December 22, 2008
Goodness
Simon left for work about forty-five minutes ago, and my parents have yet to arrive from their hotel to begin the daily pampering (I'm just a scepter short of royalty around here these days), which means I've just spent my first morning alone with the boy. So far he's slept in bed on my chest, slept in the bouncy seat while I peed and put in my contacts, slept in the bouncy seat while I made and ate breakfast, slept in the bouncy seat while the cats inspected him with trepidation for the thousandth time, and slept in the bouncy seat while I got online to connect with the larger outside world. (I say "larger" outside world because we've already been out and about quite a bit in the smaller outside world since he was born: to the burrito shop, the coffee shop, to REI (on the Saturday before Christmas = not recommended), to the pediatrician (twice!), and to the parking lot of BevMo (we stayed in the car to feed while everyone else went in and stocked up on boozies.)

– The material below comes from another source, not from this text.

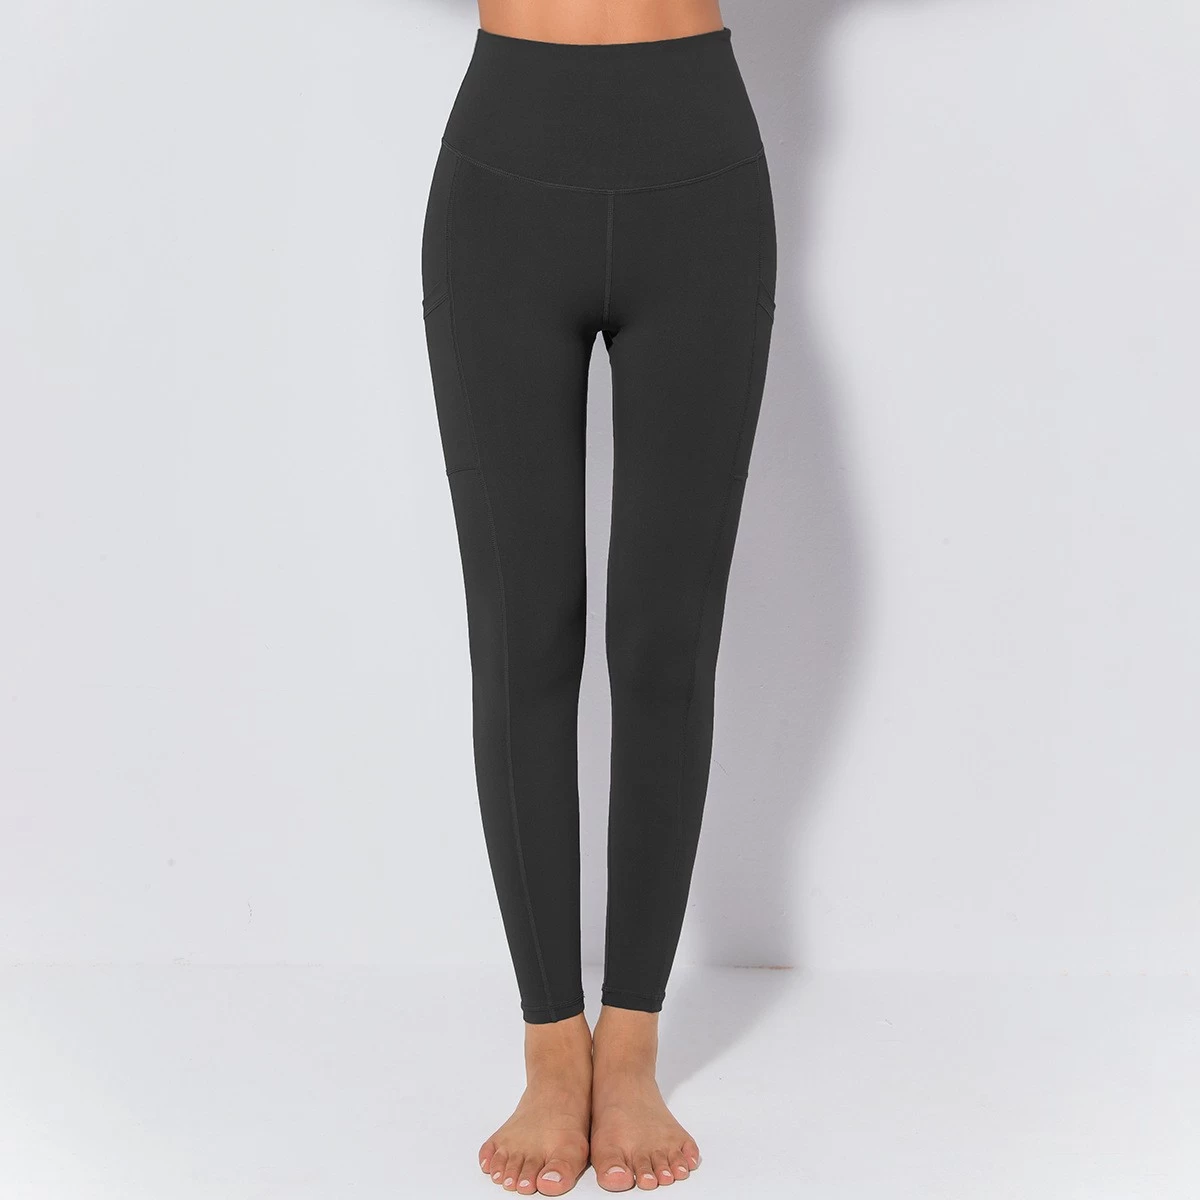 S-SHAPER desnudez Fitness Butt Lift Leggings para mujeres entrenamiento Yoga pantalones fruncidos botín cintura alta mallas sin costuras medias de compresión

So, basically, the kid sleeps a lot, which I have to say is pretty freakin' awesome. The doctor actually told us we'd be wise to wake him at night if he sleeps longer than three hours (which he does, all the time, possibly because he knows mama needs her beauty rest) because regular, hearty feedings are the best way to get through the jaundice period that apparently all infants go through to some degree. (He was looking particularly yellow on Day 5, which is why we made the second visit to the pediatrician on Friday. There was a small possibility he might have ABO incompatibility-type jaundice, which Simon and I both panicked about a little mostly because everything has gone so amazingly well up to this point that we're kind of waiting for the other shoe to drop and for havoc and misery to rain down upon us. Considering that untreated jaundice can turn a baby's brain into undifferentiated goo, we were afraid that was our fate.)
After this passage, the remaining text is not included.